Goal of the exercise >> If you see a picture in the data below, omit it and copy the rest exactly.

Information supplied >>
--- START ---
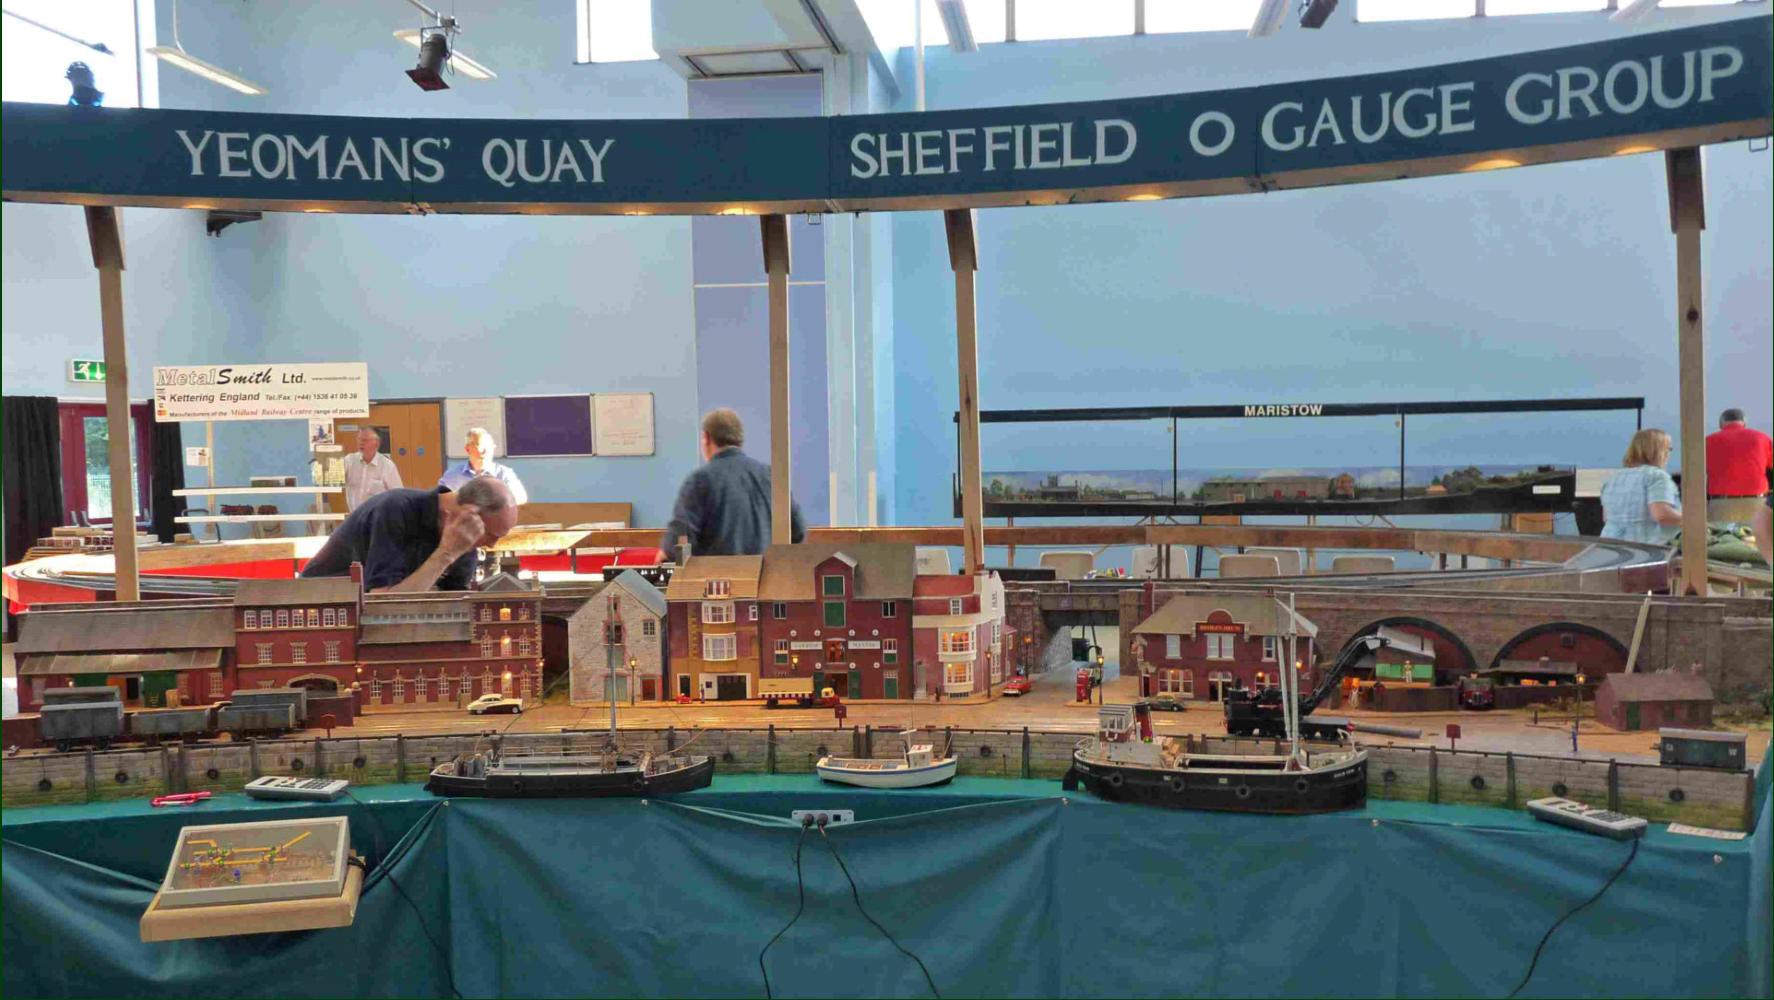 Sheffield O Gauge Group
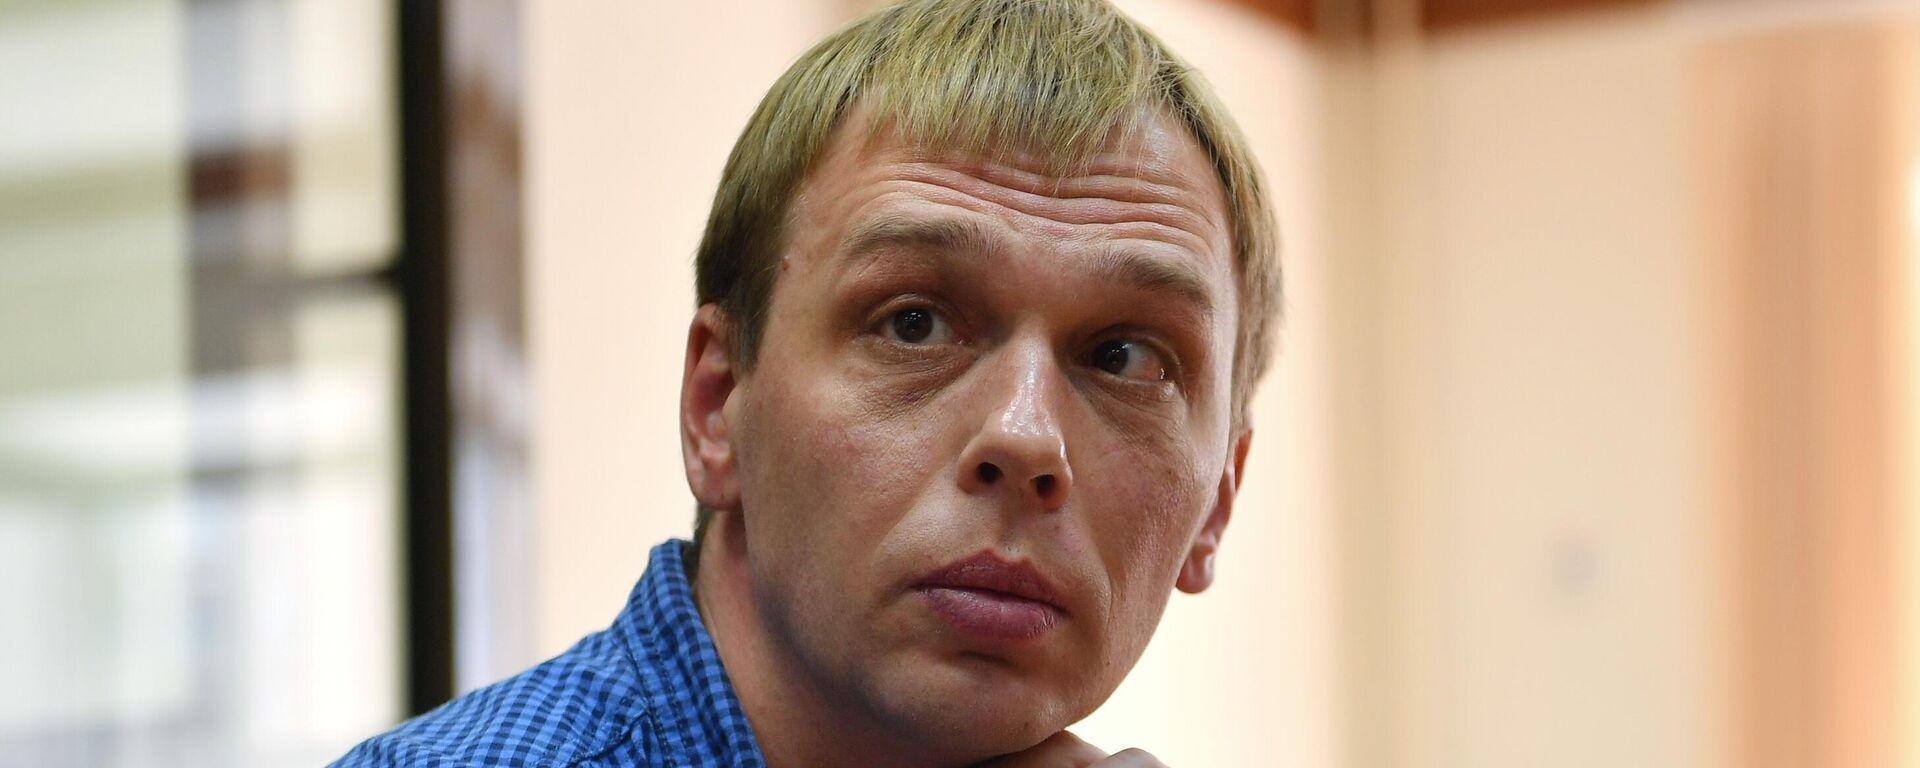 El periodista ruso Iván Golunov - Sputnik Mundo, 1920, 28.05.2021
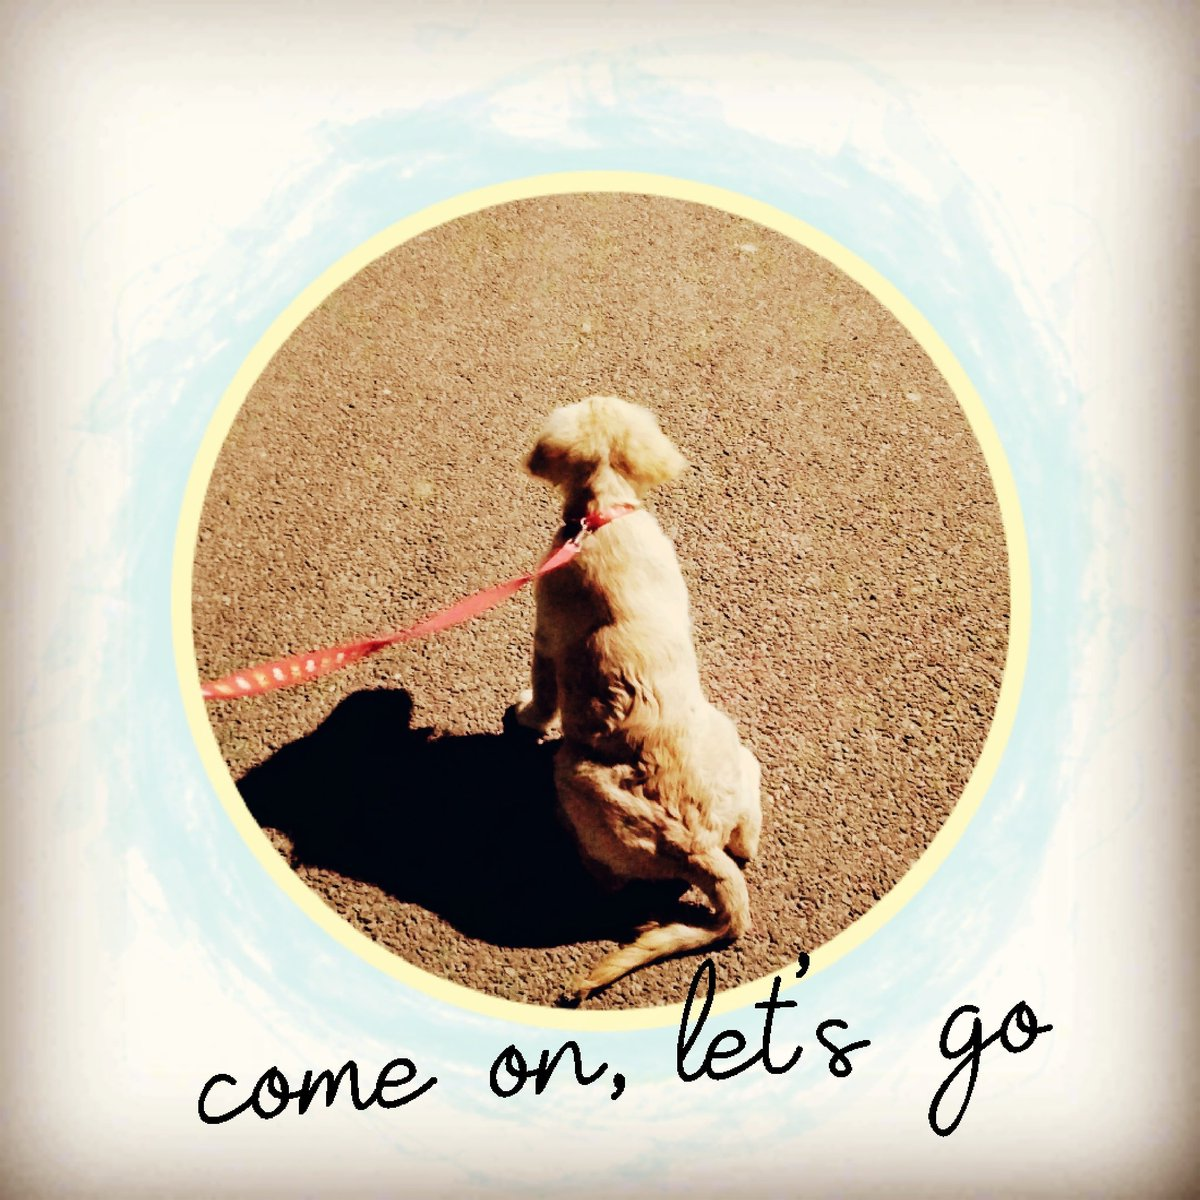 https://instagram.com/babysimba000?igshid=ttvm9i8uim1y… #goldenretriever #ArmyBra #QuarantineLife #puppylove #playtime #woofwoof #dogsofinstagram #SimbaaBaby #Dogsotwitter #puppylove #puppylife #dogoftheday  #ilovemydog #barkingdivas #doglove #dogsitting #dogsmile #pawsitivevibes #goldenretrieverpuppyspic.twitter.com/lzJ6b3qdjm
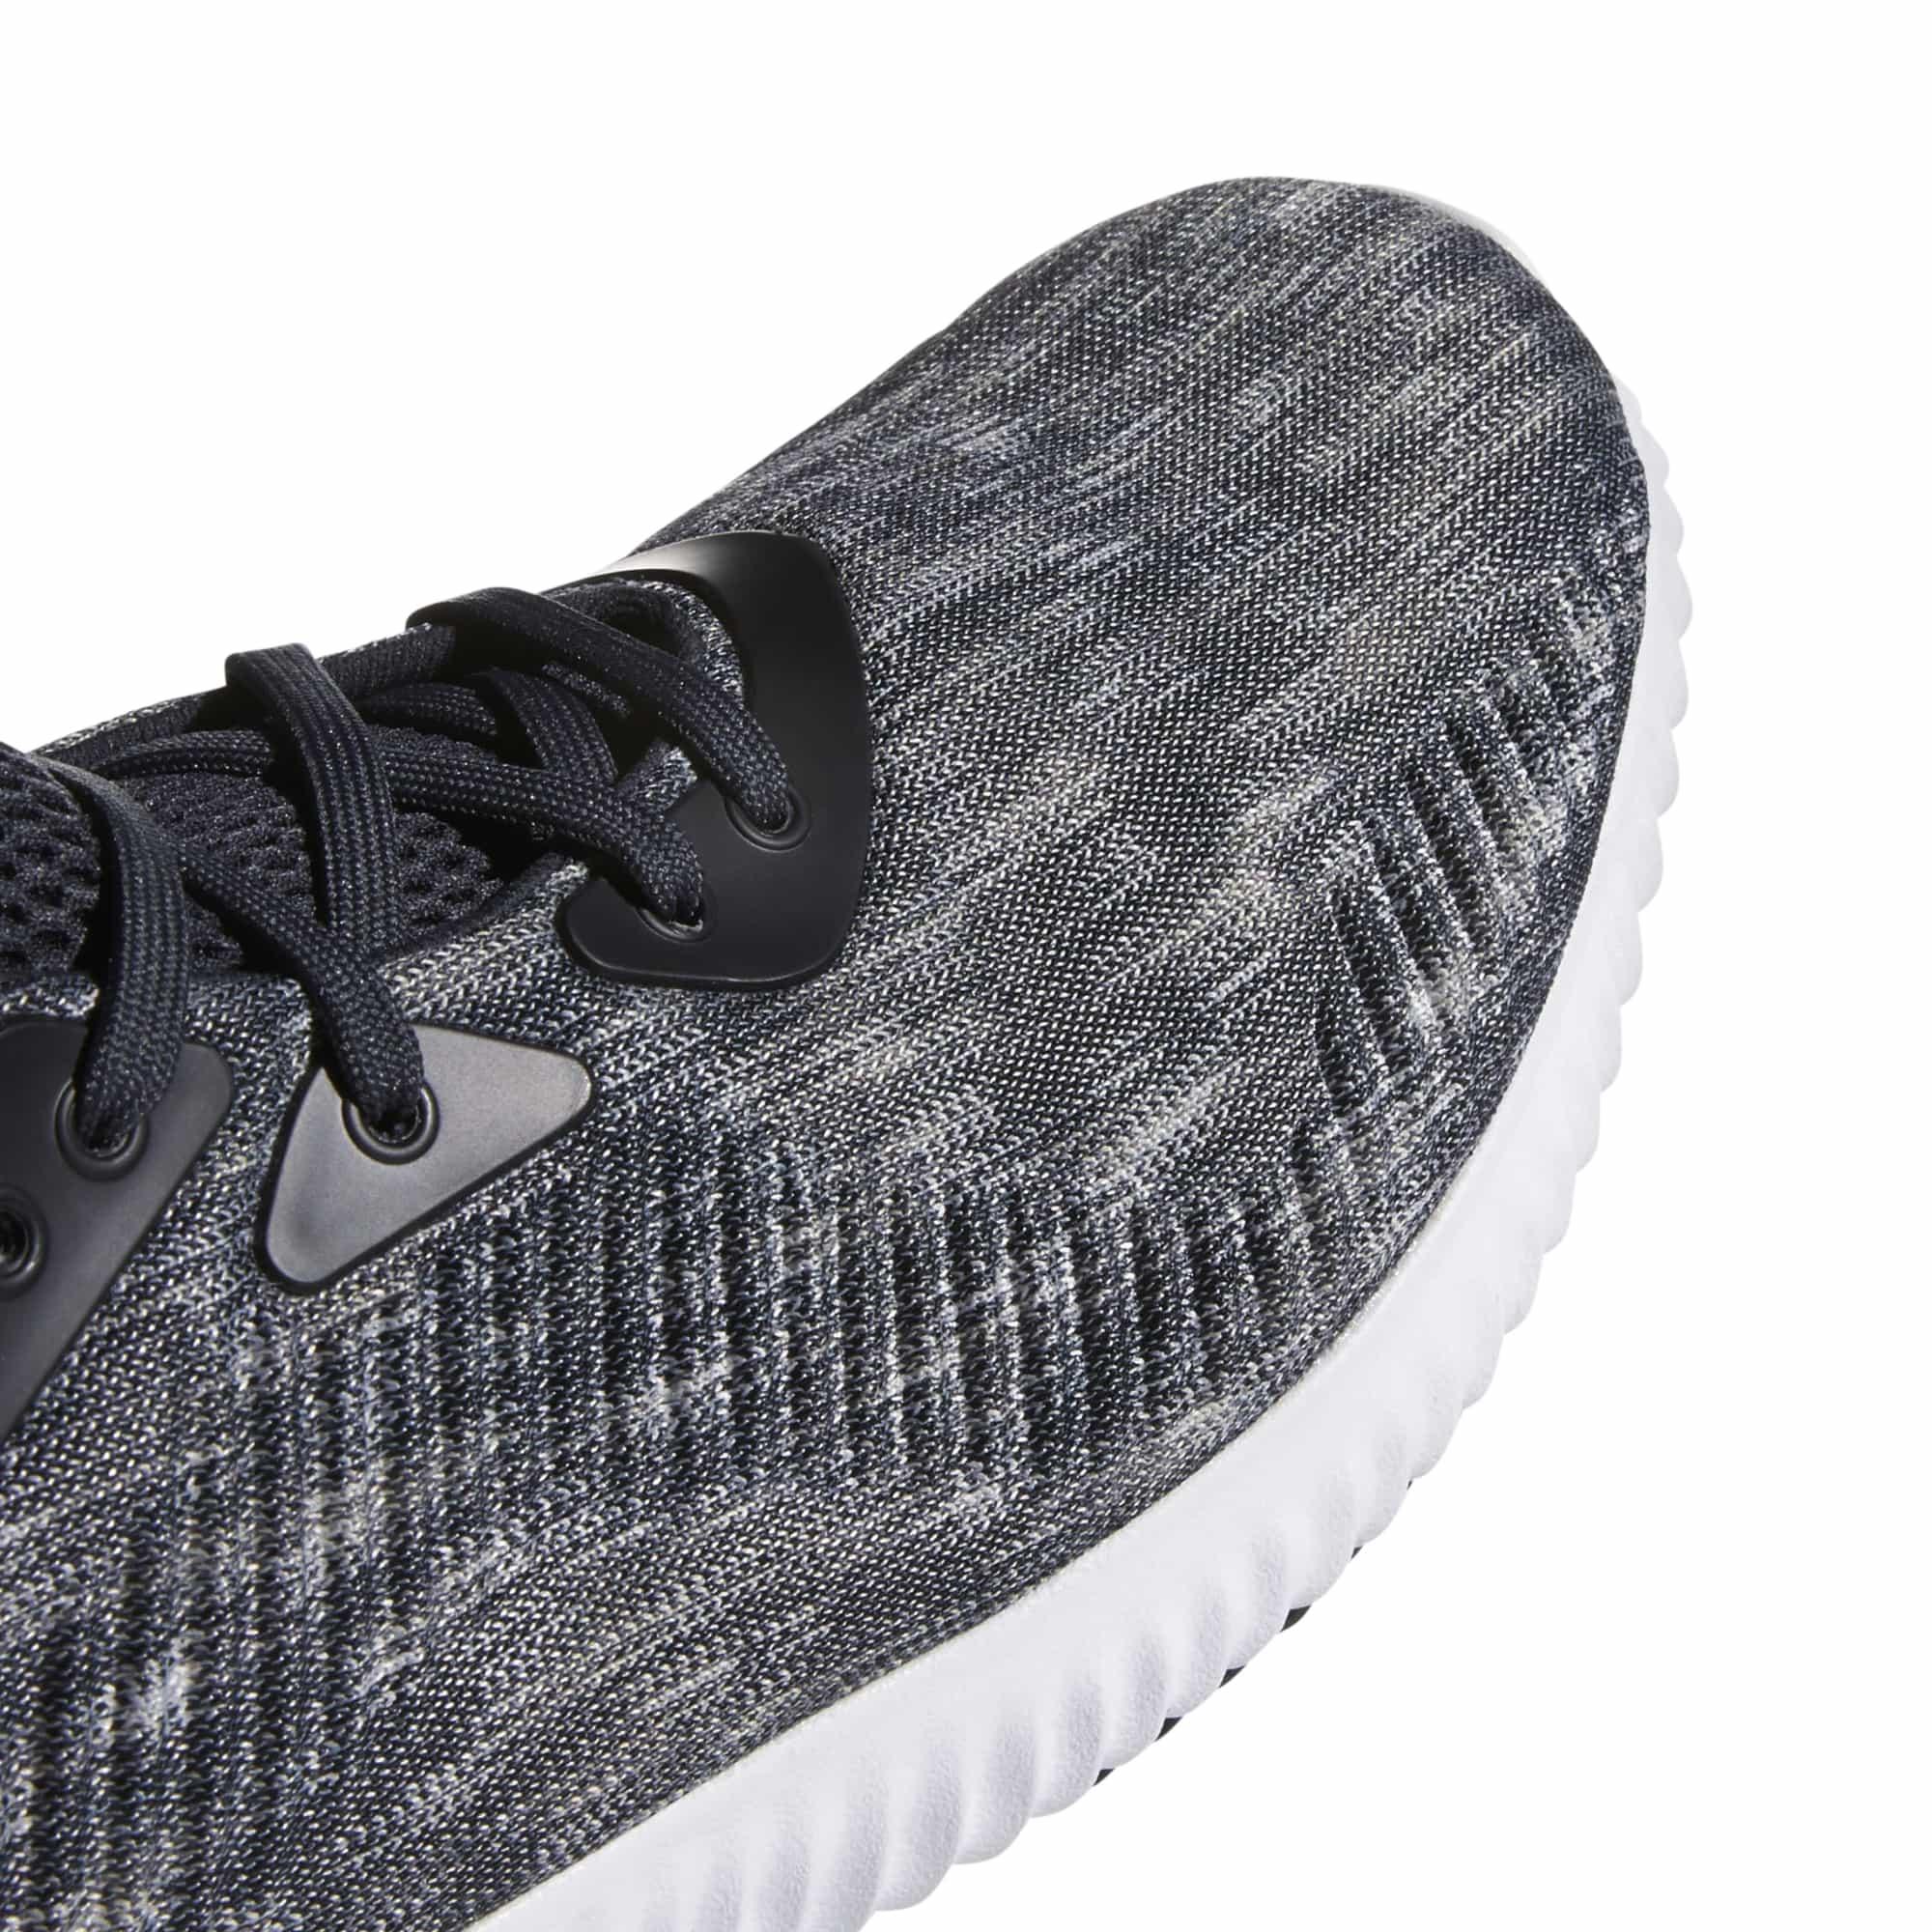 2018 Adidas Alphabounce rabat salg
--- END ---
Reply to the exercise >>
 Sheffield O Gauge Group
 El periodista ruso Iván Golunov - Sputnik Mundo, 1920, 28.05.2021
 https://instagram.com/babysimba000?igshid=ttvm9i8uim1y… #goldenretriever #ArmyBra #QuarantineLife #puppylove #playtime #woofwoof #dogsofinstagram #SimbaaBaby #Dogsotwitter #puppylove #puppylife #dogoftheday  #ilovemydog #barkingdivas #doglove #dogsitting #dogsmile #pawsitivevibes #goldenretrieverpuppyspic.twitter.com/lzJ6b3qdjm
 2018 Adidas Alphabounce rabat salg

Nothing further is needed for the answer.